Wendy Lee is an MPA student at LSE and Columbia University in New York. Before coming to LSE, she spent two years as a Peace Corps volunteer in Cameroon in West Africa. In this post, she reveals how that experience has reshaped her views on development.
Just six weeks after my two-year tour of living in Cameroon as a Small Enterprise Developer with the Peace Corps, I entered LSE. What an interesting adjustment.
From the mountainous serene village of Batié in West Cameroon to the bustling English capital, I went from living life in a developing country to studying issues of development at a prestigious institution.
While sitting in the LSE classrooms, I began to fully grasp the value of my service. I did not change the world, but the experience enabled me to weave a level of compassion and understanding when thinking of development issues.
“What is the Peace Corps?” many of my non-American classmates would ask.
The Peace Corps is a US Government Agency that sends American citizens to any of the 76 current Peace Corps countries for 27 months. Volunteers’ skills are matched to needs and they are only sent to villages that request them. The Agency has three goals:
- Helping the people of interested countries in meeting their need for trained men and women.
- Helping promote a better understanding of Americans on the part of the peoples served.
- Helping promote a better understanding of other peoples on the part of Americans.
After a long application process (on average one year), admitted volunteers undergo three months of culture, language and technical training in their country of service. At the end of 3 months, volunteers are dispersed across their country.
Two years may seem like a long time, but it is commonly agreed that it takes the entire first year to master the local language, to gain the trust of community members, and to understand the culture intricacies (in my case, this included how to bargain, how to turn harassment into a bantering session, how to manoeuvre local power structures etc).
It is one thing to study and to read about the stark realities of life with bad roads, lack of plumbing and electricity, over-crowded buses, extreme corruption, death from preventable diseases, HIV/AIDS, yet it takes entirely a different level of understanding to live that life for two years, and to have close friends whose lives are impacted by these realities.

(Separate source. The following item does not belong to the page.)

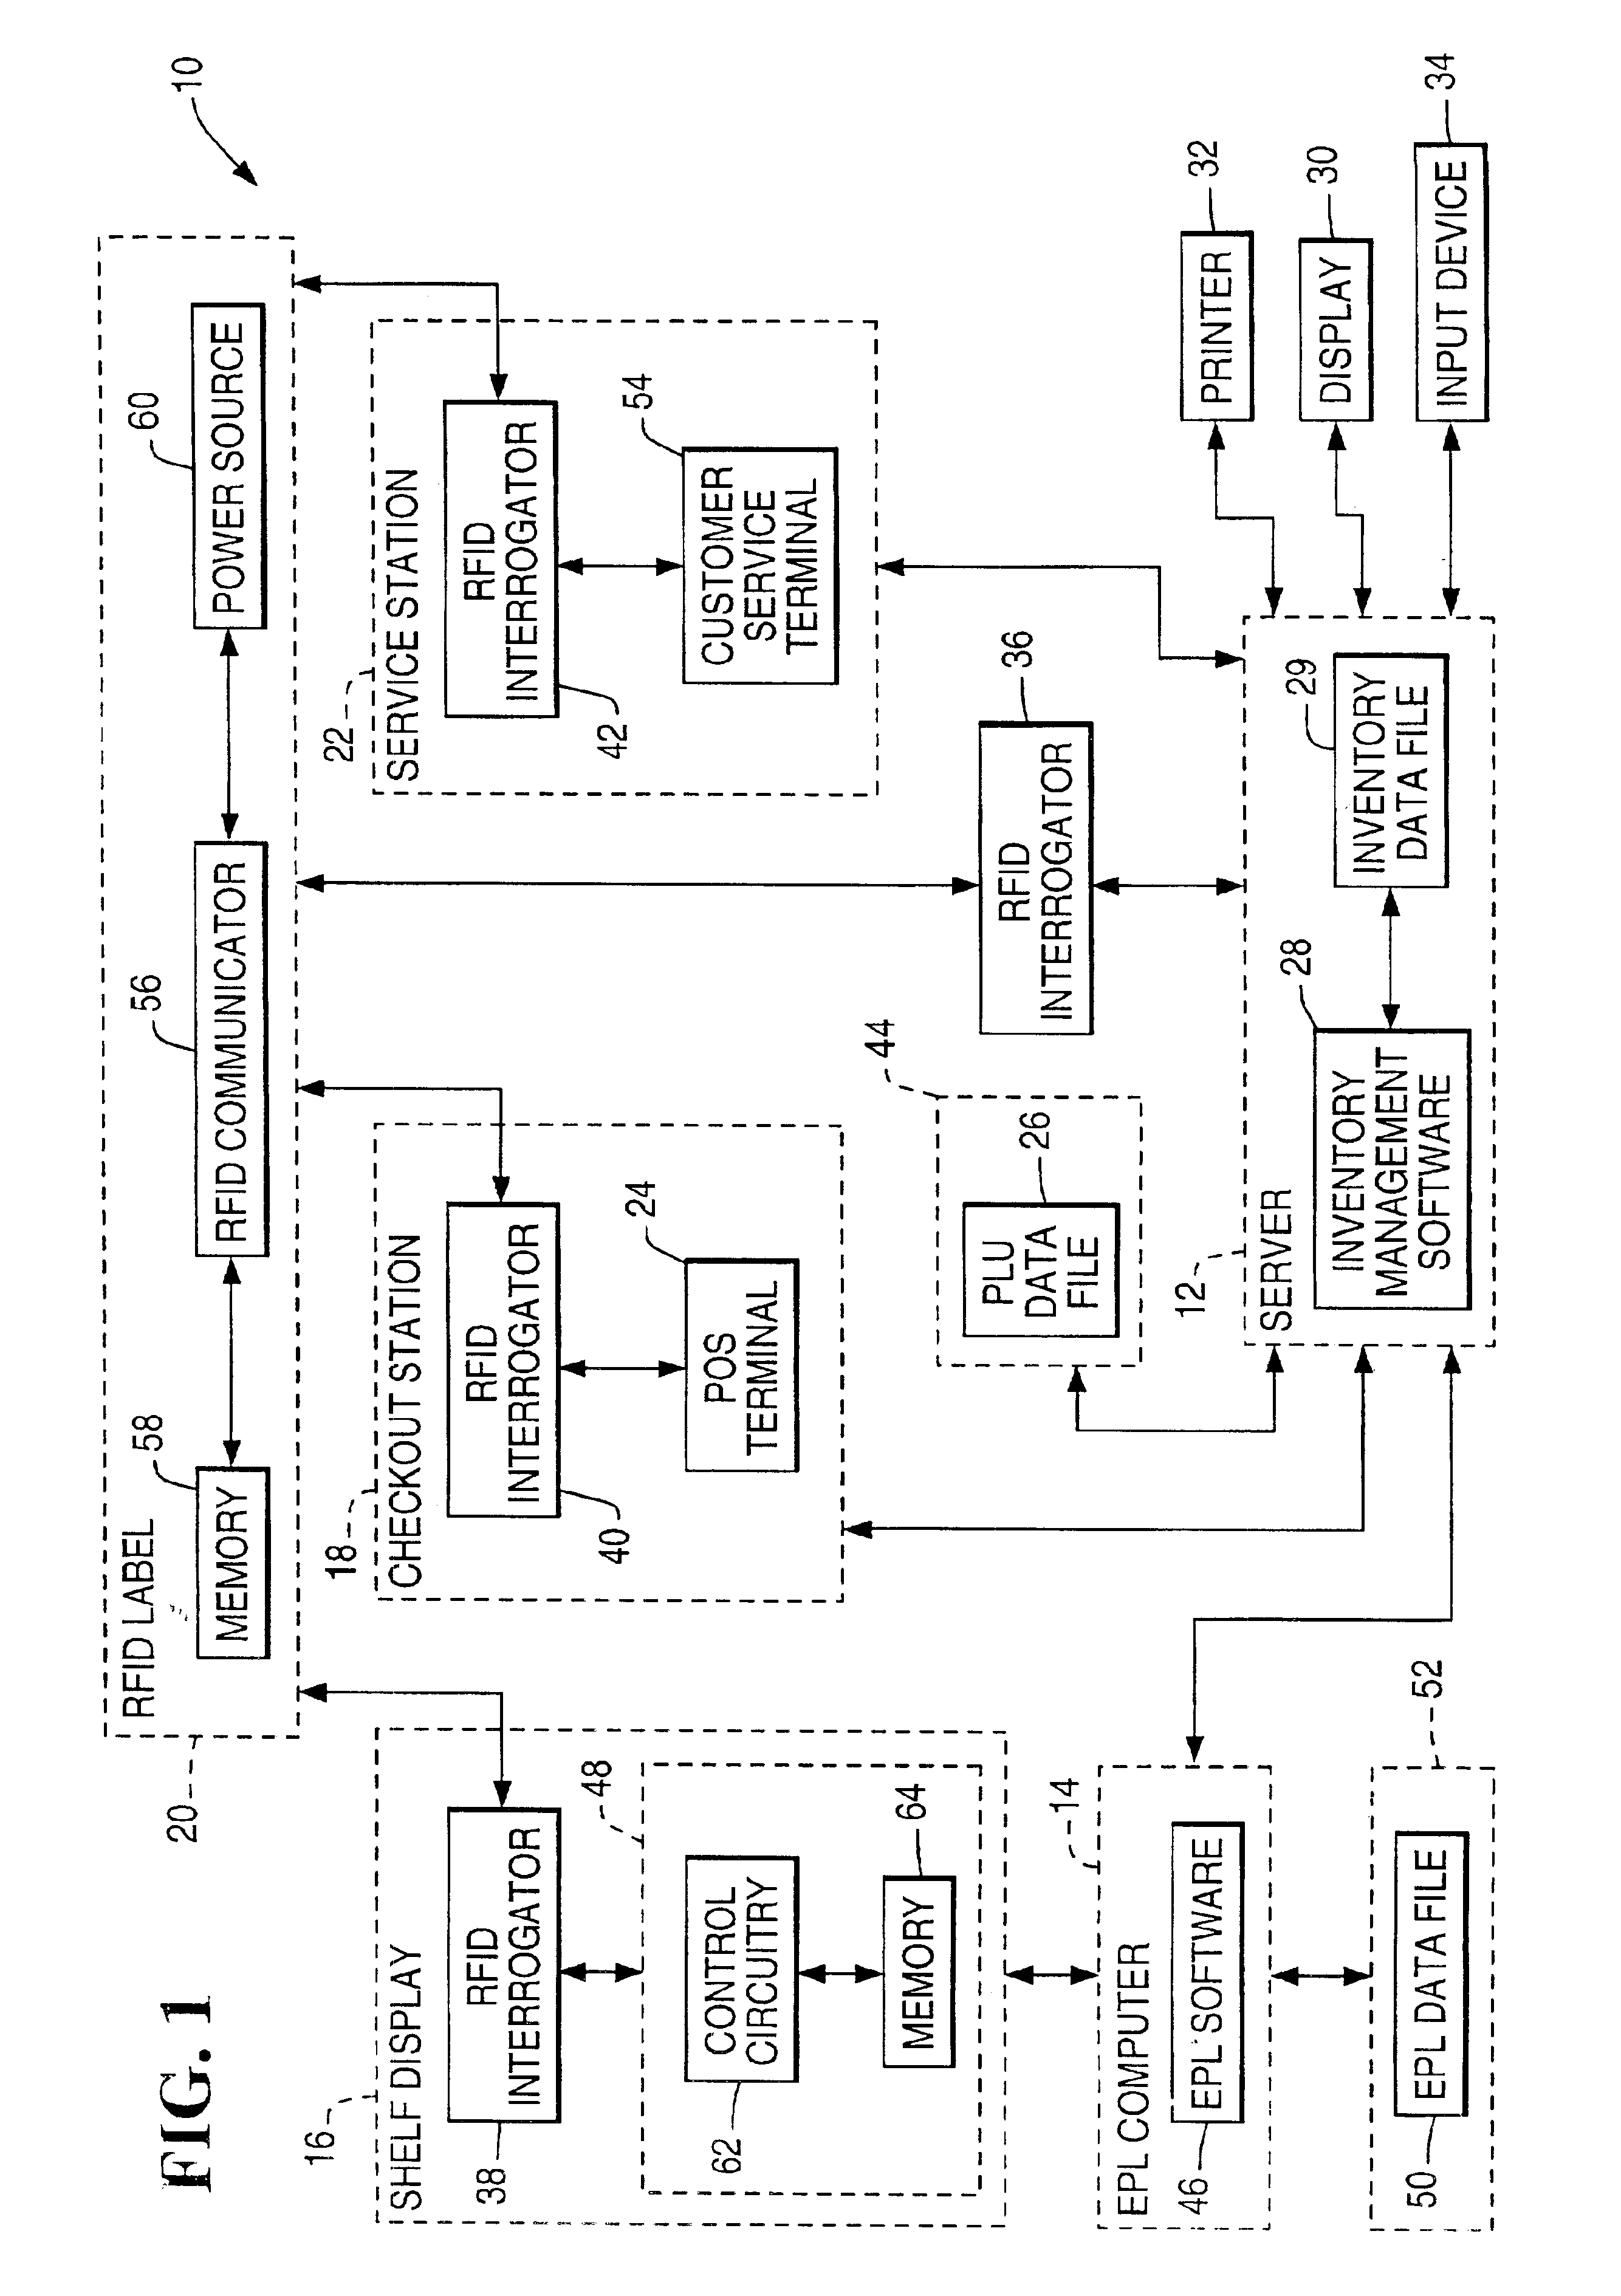 System and method of managing inventory

Citizens of the developing world are the people whom we are serving. Number crunching and complicated analyses aside, the core of development policies boils down to these individuals.
Volunteers have the luxury to not be secluded in capital cities and constrained within expat compounds. When some of us eventually find ourselves in a position where security is a real issue and must stay within secured walls, we will still have the perspectives of people living outside those walls.
Furthermore, the process of learning, understanding, and adapting to a new culture shapes volunteers into true global citizens, which serves well in many career aspirations.
Not everyone can or wants to join the Peace Corps, but I believe development professionals should undertake long-term field experiences to gain a deep understanding of the people whom we serve.
Many organisations exist today to provide field experiences for young professionals aspiring toward a career in international development. Understanding the people whom we serve is vital in every profession from medicine to teaching. Why should creating development policy be any different?